Adverse effects of non-steroidal anti-inflammatory drugs. A prevalence study in Austria

Abstract

Gastrointestinal side effects are the limiting factor in the prescription of non-steroidal antirheumatic drugs (NSAID). However, there are no recent data from Austria. The aim of this prevalence study was therefore to assess the gastrointestinal risk from NSAID in Austria. A total of 1347 patients were observed in an outpatient setting between March 2000 and February 2001. Side effects from NSAID were documented by questionnaire at two time points with a mean interval of 31 days. Documented data were analysed descriptively using an explorative strategy. The prevalence of side effects was compared to data from literature. Side effects were reported by 18.1% of the patients, severe gastro-intestinal complications (ulcer, bleeding, perforation) were diagnosed in 0.7%. Prescription of effective GI-protection (proton pump inhibitors, misoprostole, famotidin in high dose) was seen in only one third of the patients at risk.
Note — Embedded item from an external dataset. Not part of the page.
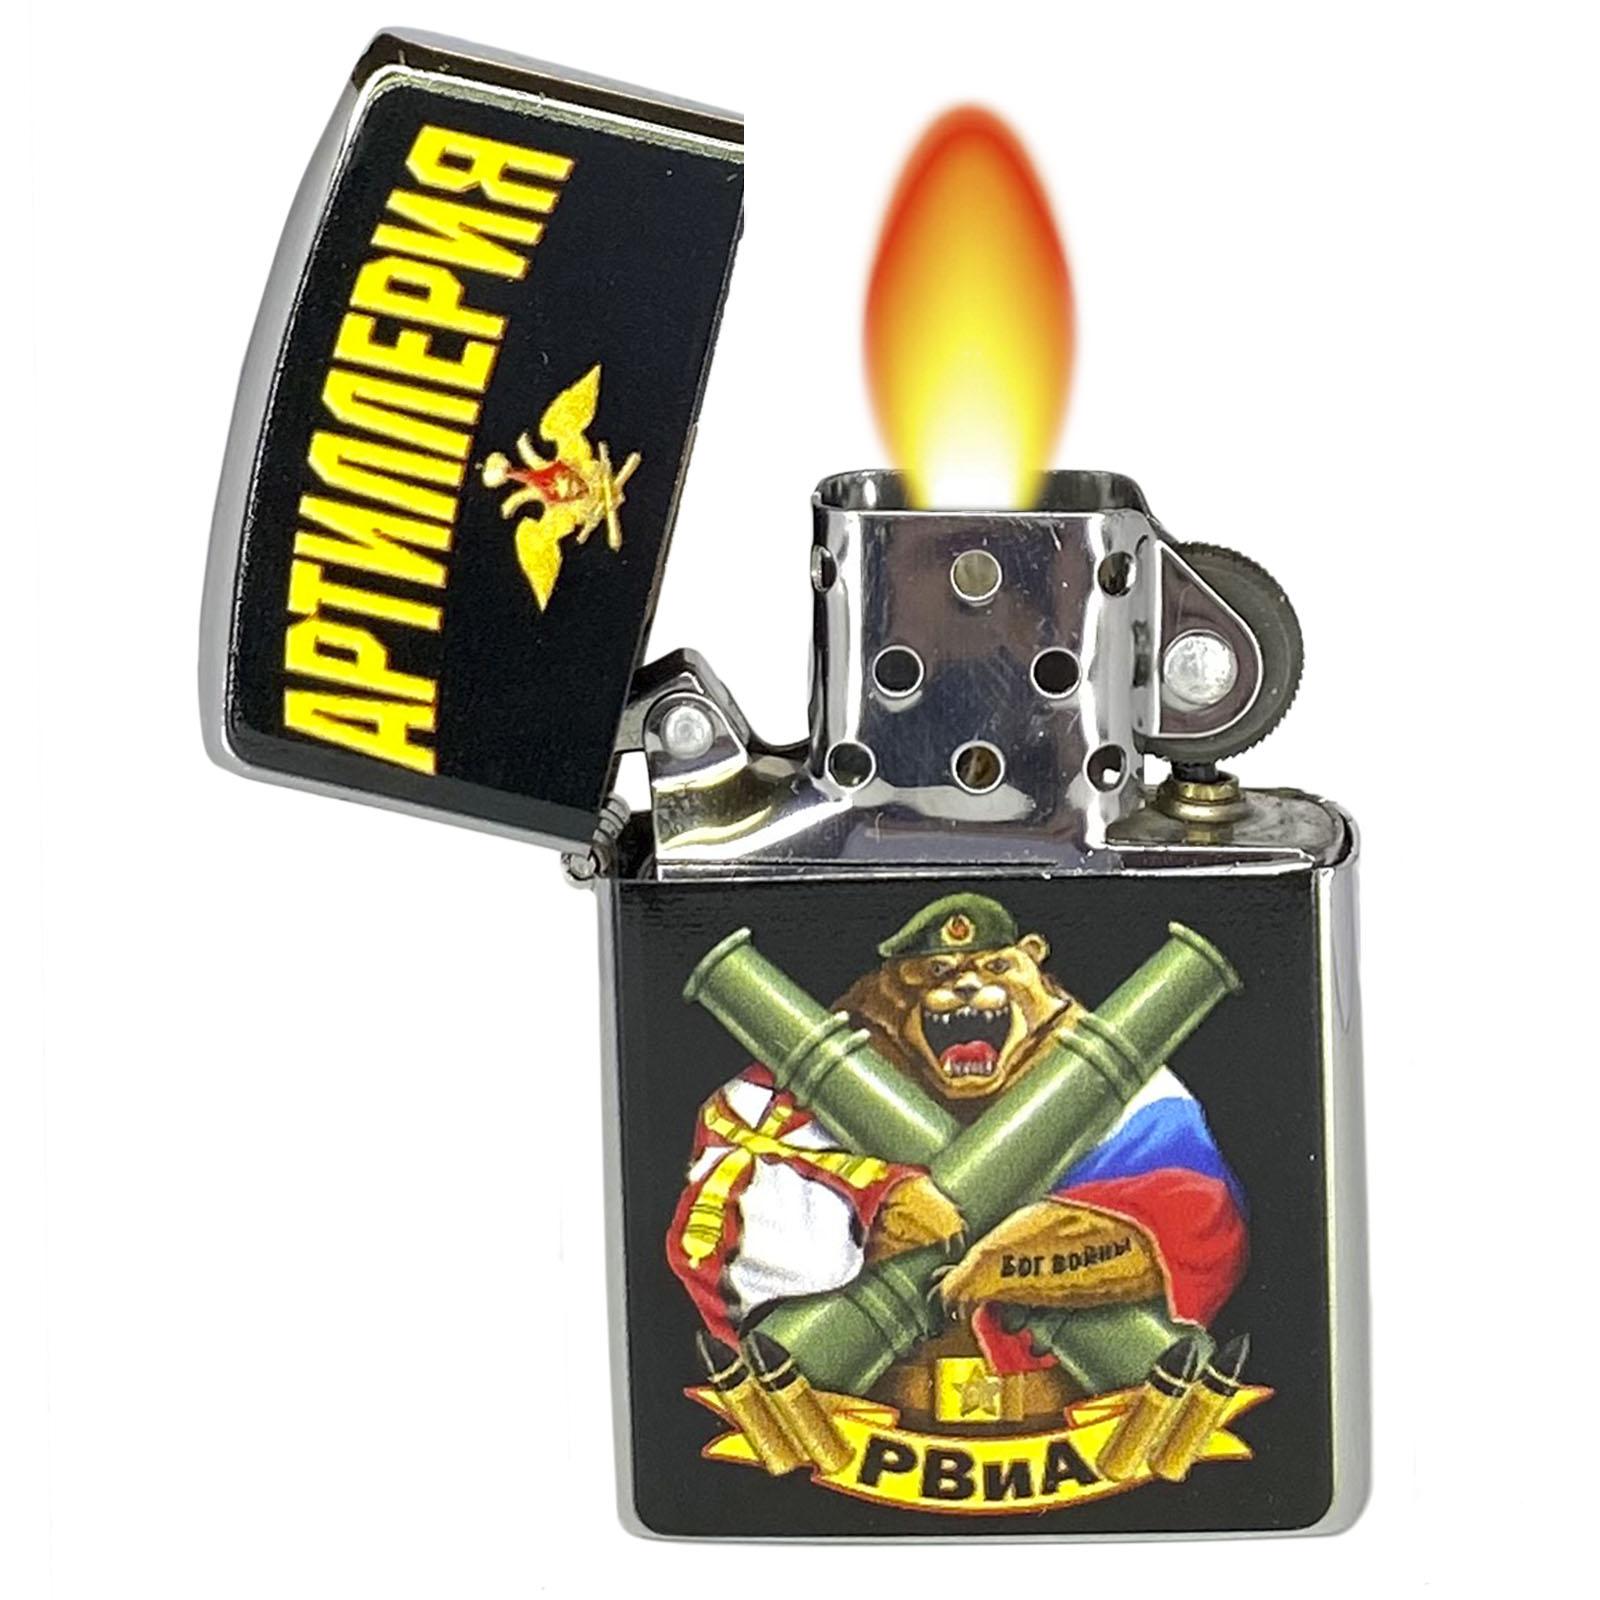 Купить зажигалку РВиА онлайн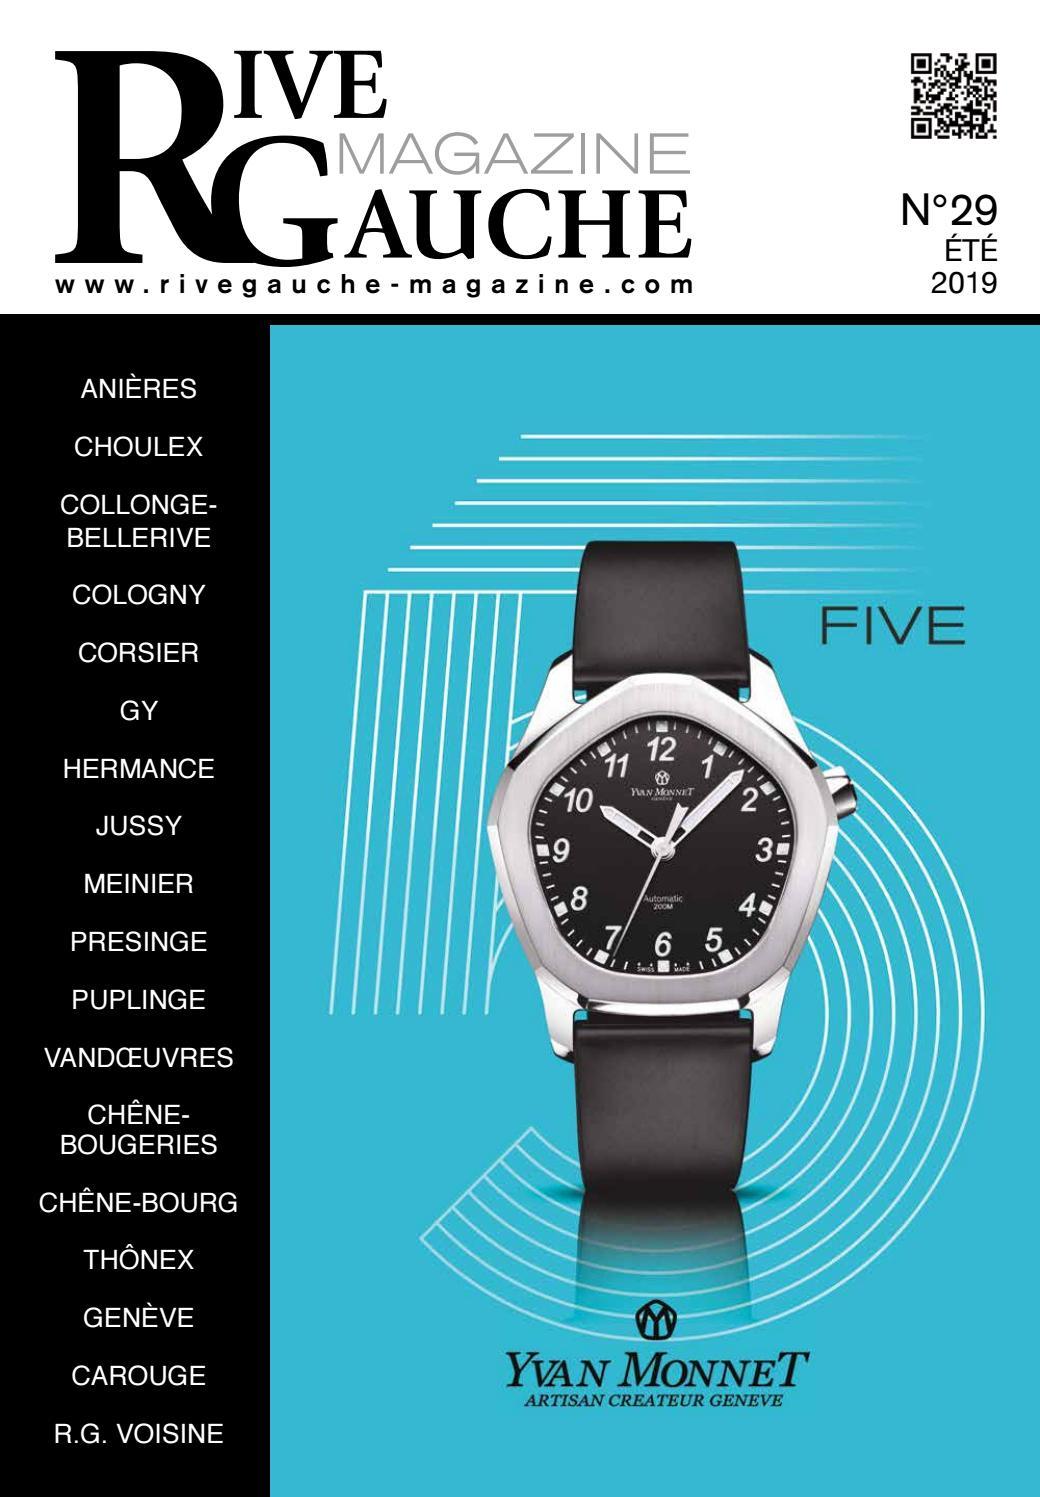 Rive Gauche Magazine N°29 By Daniel - Issuu serapportantà Coloriage Ralph La Casse

The prevalence of severe gastrointestinal side effects by NSAIDs assessed in our study was clearly lower than the prevalence reported in the Anglo-American literature. This may be due to a different prescription behaviour: about 75% of the patients took Diclofenac, lbuprofen or Meloxicam, drugs which have a very low potential of gastrointestinal complications. However, more information for general practitioners is needed yet to sufficiently protect patients at gastrointestinal risk from NSAID.